H₂(g) + 2Ni⁻(s)→ H-Ni(s) + H-Ni(s)

And these hydrogens adsorbed onto the nickel can be transferred to the unsaturated double-bonds in oils.

But I'm not sure though if they uses a nickel-coated tank, or nickel beads, or what.

The Crisco does have the most nickel. The could be that they have to use more nickel (per unit of time) to fully saturate an oil. Think about kinetics and how the oils need to randomly make contact with the nickel hydride. You would need more nickel to get the last 5% of unsaturated bonds than the first 5%.

And they would need a higher temperature for the long-chained and fully-saturated Crisco, just to keep it liquid, than they would need for partial hydrogenation of soybean oil.

There might be fundamental reasons why Crisco has the most, but it could also simply be the way the factory is set-up. This might be a fun thing to read about someday.

[Maybe we can team-up with Dave Asprey and tell everyone we have a proprietary technique to create nickel-free fully-saturated oils! LOL...not.]

Okay, I got curious and did a patent search. They might be using meshes now to pass oil through the meshes. This is how they create the Raney nickel catalyst:

Raney nickel is a well-known hydrogenation catalyst which was described originally in U.S. Pat. No. 1,638,190 issued to Raney on May 10, 1927. Raney nickel is prepared by alloying nickel and aluminum and leaching out the aluminum with alkali to expose nickel as a finely divided porous solid in which form nickel is an effective hydrogenation catalyst.
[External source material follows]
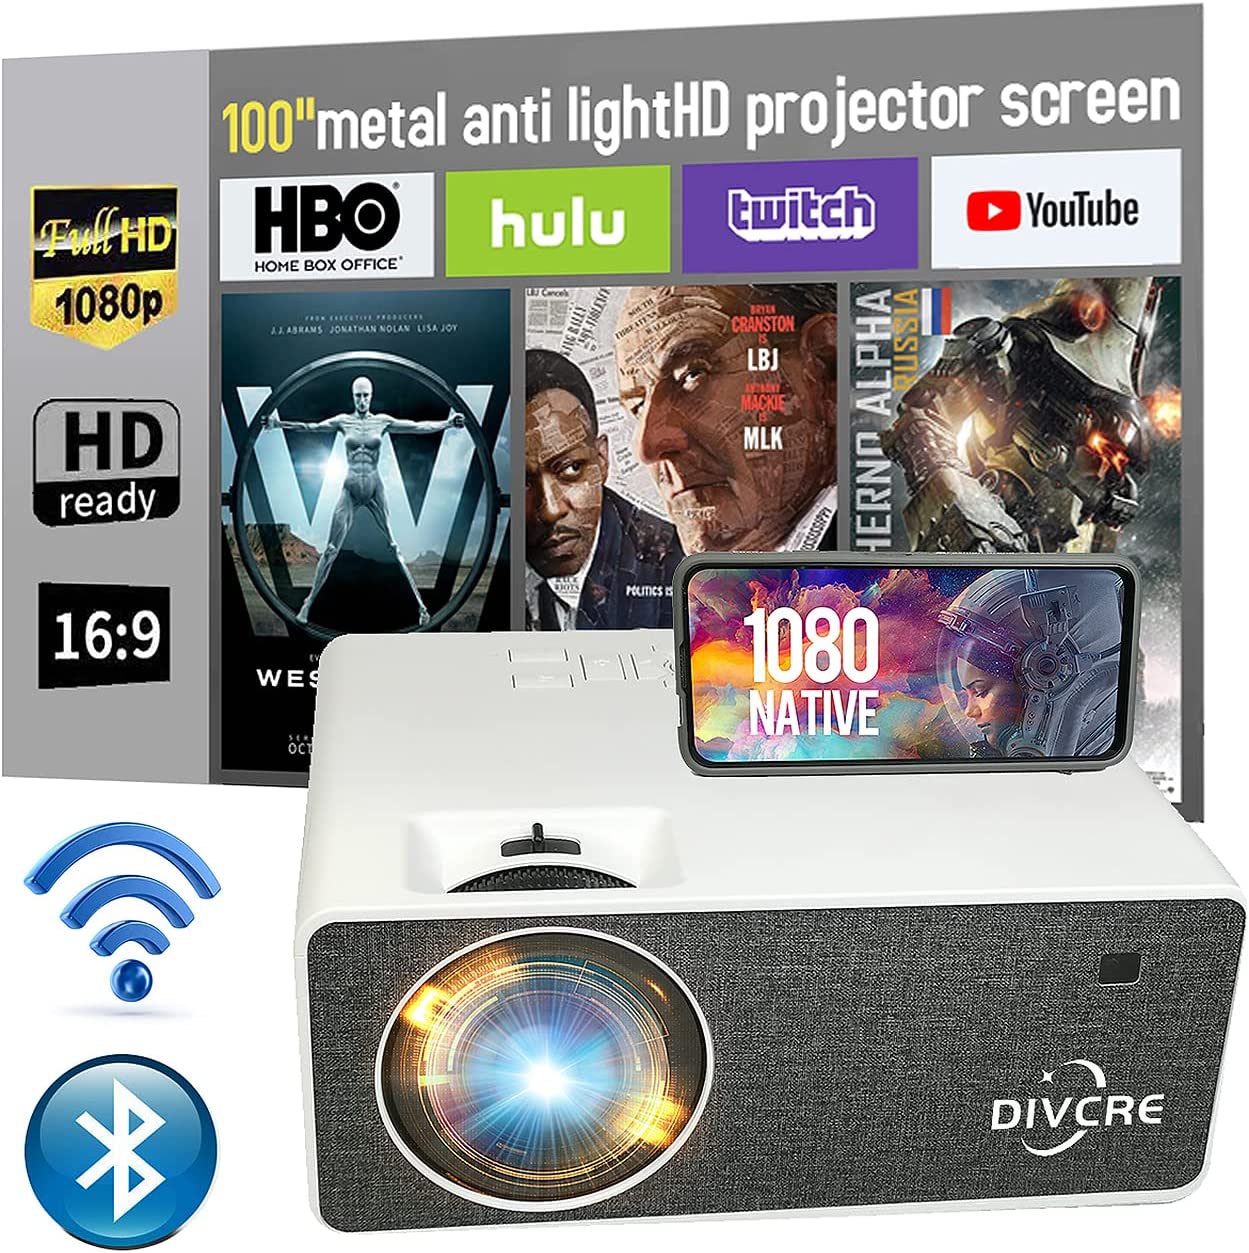 DIVCRE Projector Review, Pros & Cons - 1080P Bluetooth WiFi Projector

US4513149A - Raney nickel alloy expanded mesh hydrogenation catalysts - Google Patents

The patent details creating a mesh with a porous nickel coating. This is probably why there is so much nickel contamination, the nickel metal is made porous to increase the surface area. You might expect a few nanoparticles to break off under the high viscosity of the oil.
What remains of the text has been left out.